Bedbugs are tiny six-legged insects that hide during the day and feast on a person's blood at night.
The common bedbug is a reddish-brown insect that doesn’t grow much longer than 0.5 centimeters (about 0.2 inches). To keep someone's blood flowing as they suck, these bedbugs inject an anticoagulant along with a numbing agent in order to keep the person from feeling them when they’re at work.

Even though bedbugs can be host to the organisms that cause hepatitis B and Chaga’s disease, however, they aren’t known to spread disease to humans.

In some severe cases, a person may need to see a doctor; however, treatment usually involves self care.

Work Group:

Prepared by: Scientific Section

Symptoms, Causes


Usually, signs and symptoms of bedbug bites only affects the surface of the skin and look like small itchy red bumps known as papules or wheals. The lesions could be found in a linear or clustered fashion, indicating repeated feedings by a single bedbug.

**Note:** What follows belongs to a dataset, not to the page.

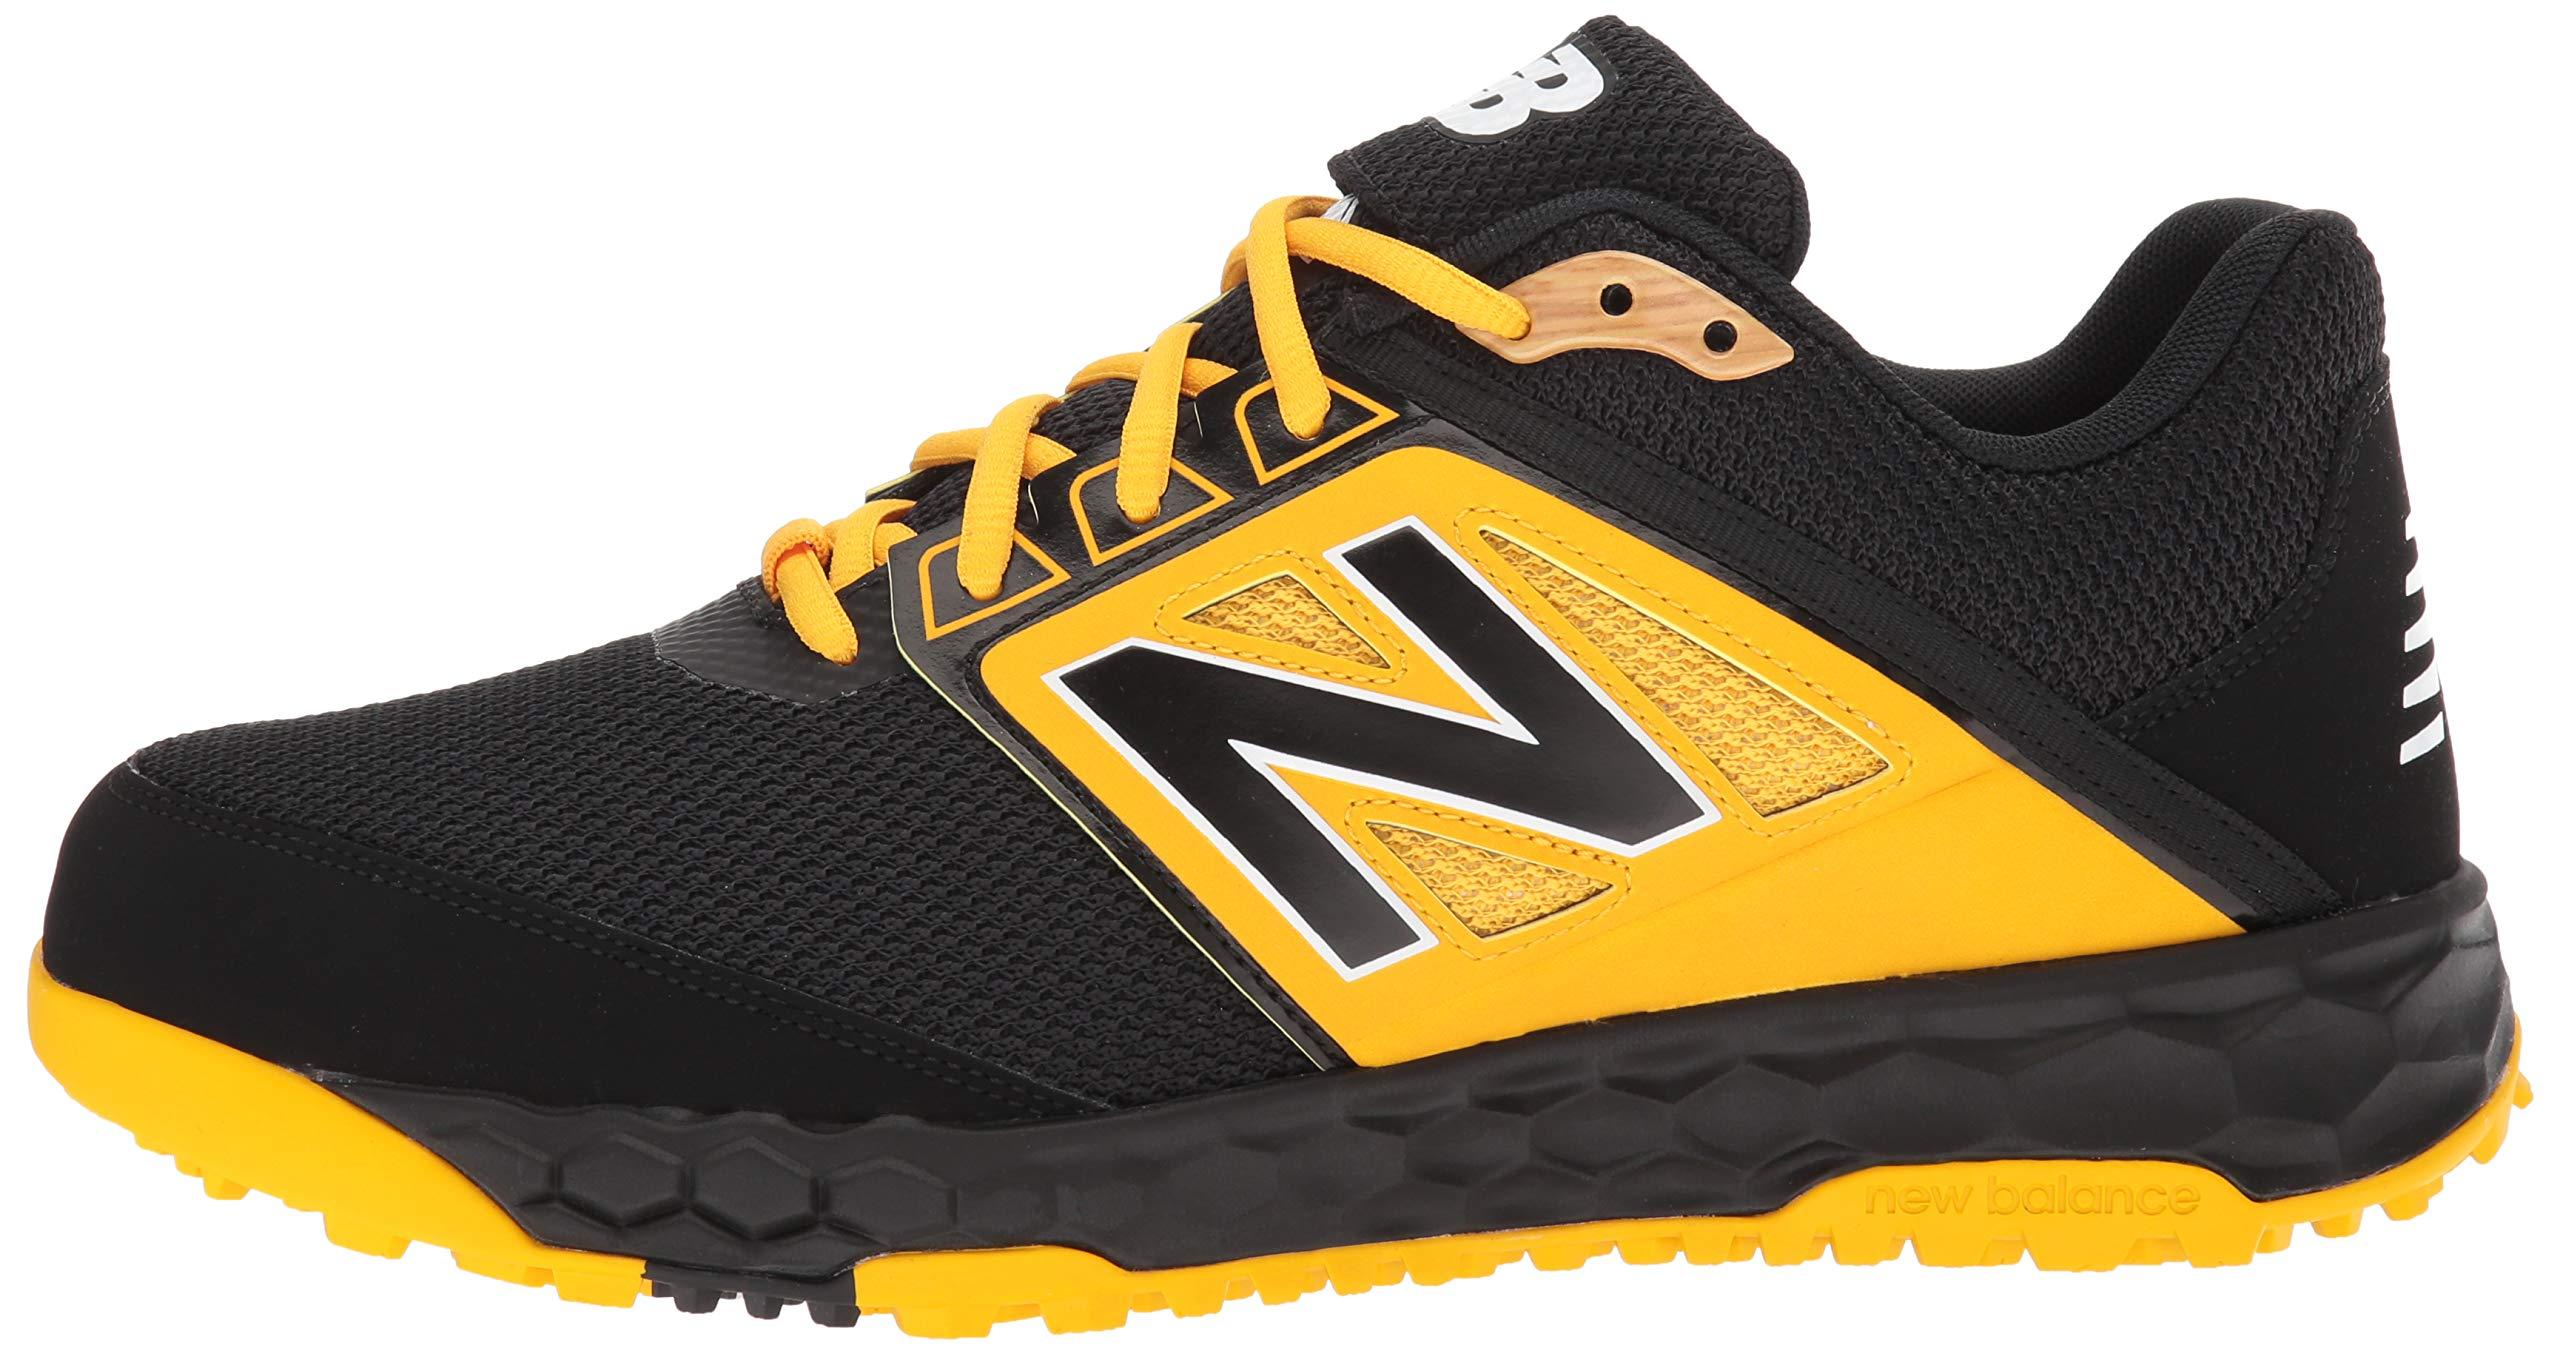 New Balance Men's 3000v4 Turf Baseball Shoe, Black/Yellow, 5 D US by New Balance (Image #5)

In some cases, some people could develop allergic reaction or larger skin reactions, such as:

  • Blister-like skin inflammations
  • Skin rashes similar to hives
  • Large and itchy wheals that are up to 20 centimeters across (about 8 inches)
  • Groups of small and swollen sacs of puss


Bedbugs feed on any mammal, including dogs and cows.

Because of the increase in world travel, bedbugs are getting into a home through clothing worn abroad and luggage.

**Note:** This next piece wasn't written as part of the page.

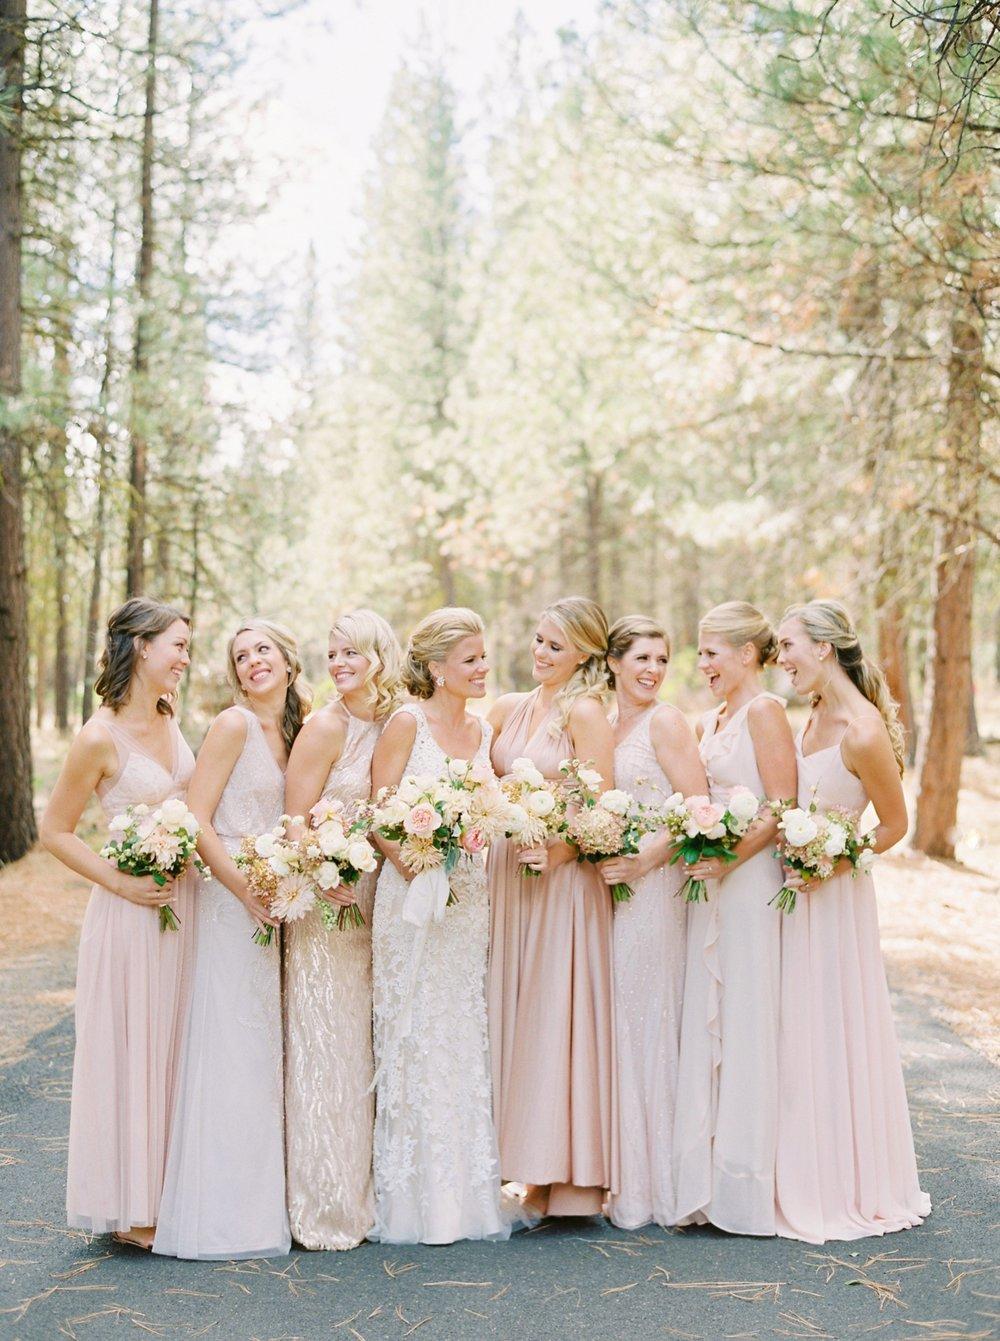 Calgary wedding photographers | oregon wedding photographers | fine art film | Justine Milton Photography | oregon wedding | bridesmaids portraits | pastel bridesmaids dresses

DDT is a product that eliminates most insects that has been used for a long time, but now, because of human toxicity concerns, its use is being phased out, and current extermination practices are more insect-specific, which means that whatever’s toxic to a cockroach may not kill a bedbug.



Although some people develop complicated reactions to bedbug bites including dilation of the capillaries under the skin, formation of puss-filled blisters and hives up to 8 inches across and clusters of inflamed red bumps, however, most people experience only the itchy skin welts that bedbugs cause while feeding.

In some very rare cases, anaphylactic shock may occur as an allergic reaction to the substances the bedbug injects while feeding.


Bites usually resolve within one or two weeks, so that relieving the symptoms is the only treatment of bedbug bites.
Someone who has been bitten by bed bugs should:

  • Avoid scratching to prevent infection
  • To help relieve allergic reactions, they take antihistamines when needed
  • To relieve itching, they should apply a topical cream, such as cortisone.
  • In case of having severe reactions, they should consult their doctor. If infection occurs, an antibiotic may be recommended and for a severe allergic reaction, oral corticosteroids may be recommended.

A person should tackle the infestation once their symptoms are treated.

  • They should freeze their pajamas, sheets and other bedclothes for at least 24 hours or launder them in hot water of at least 97 F (36 C).
  • Vacuum the area of infestation daily and freeze the vacuum bags for 24 hours
  • Use insecticide sprays around cracks and crevices in their home, such as malathion, permethrin and dichlorvos.

Garden stores may have permethrin and lawn and garden insect control sprays might contain these insecticides. However, a professional inspection of the bedbug habitat and subsequent extermination will probably be required.